• _Goal of the exercise_:
Reproduce exactly the line containing "BOBBY DARIN - US" and each line after it until the listing ends, leaving pictures out.

• _Provided material_:
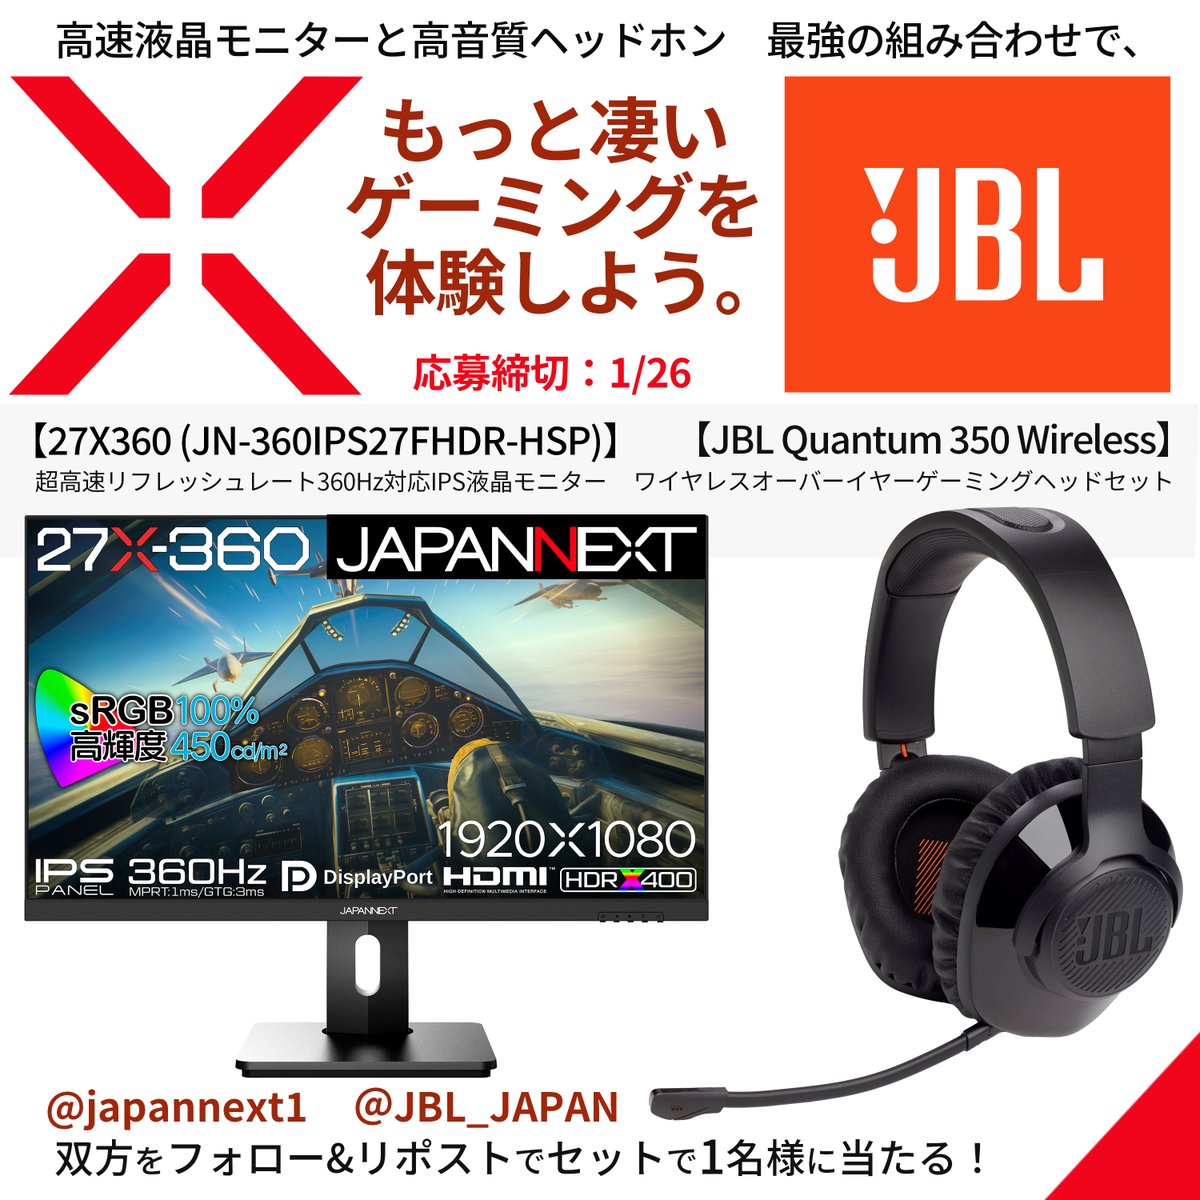 ／🎍🌅 JAPANNEXTからのBIGなお年玉✨ JBL JAPAN様とのスペシャルコラボキャンペーン第2弾を開催します！ ＼🎍🌅 第2弾：【ゲーミングセット】😆💫 🖥️JAPANNEXTのゲーミングモニター「27X-360 」と、 🎧JBL JAPAN（@JBL_JAPAN）様のワイヤレスオーバーイヤーゲーミングヘッドセット「JBL Quantum…
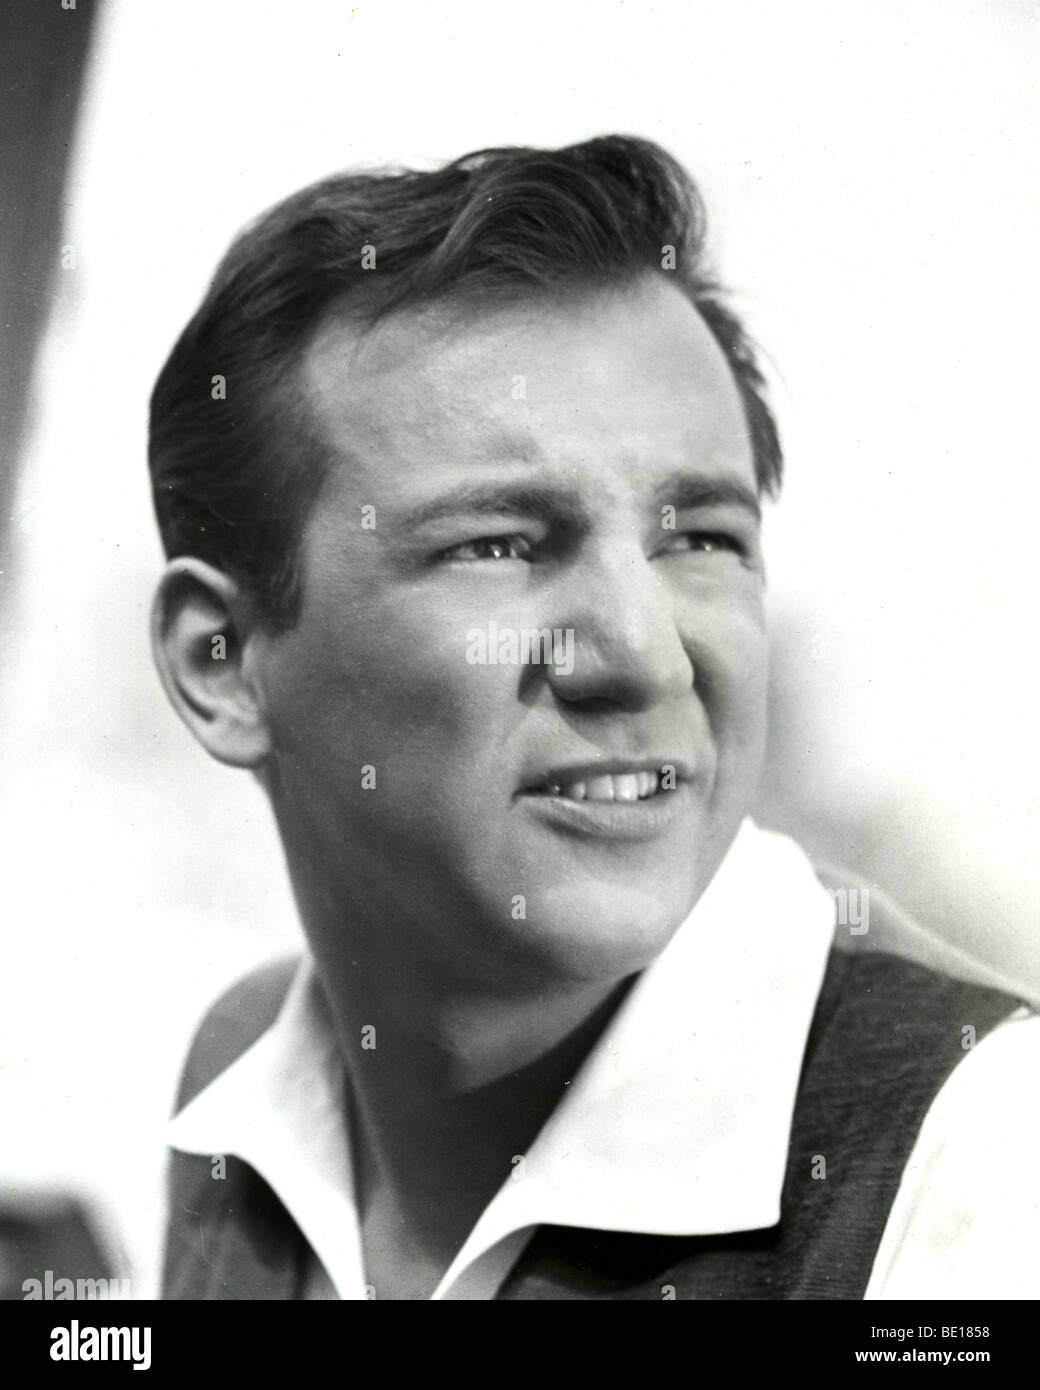 BOBBY DARIN - US cantante e attore di cinema circa 1963 Foto Stock
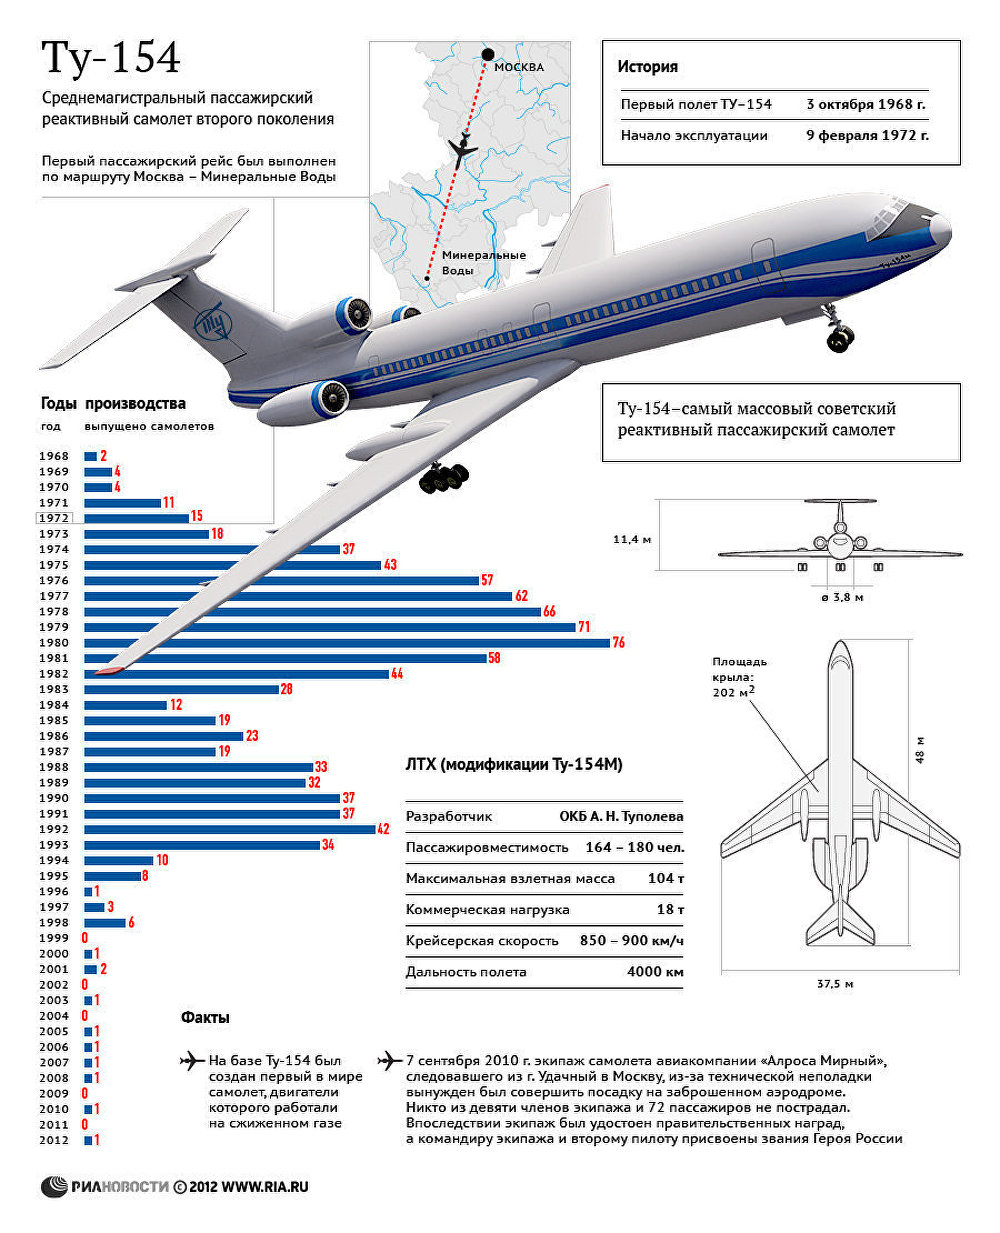 Ту-154: производство и история легендарного самолета

• _Response box_:
 BOBBY DARIN - US cantante e attore di cinema circa 1963 Foto Stock
 Ту-154: производство и история легендарного самолета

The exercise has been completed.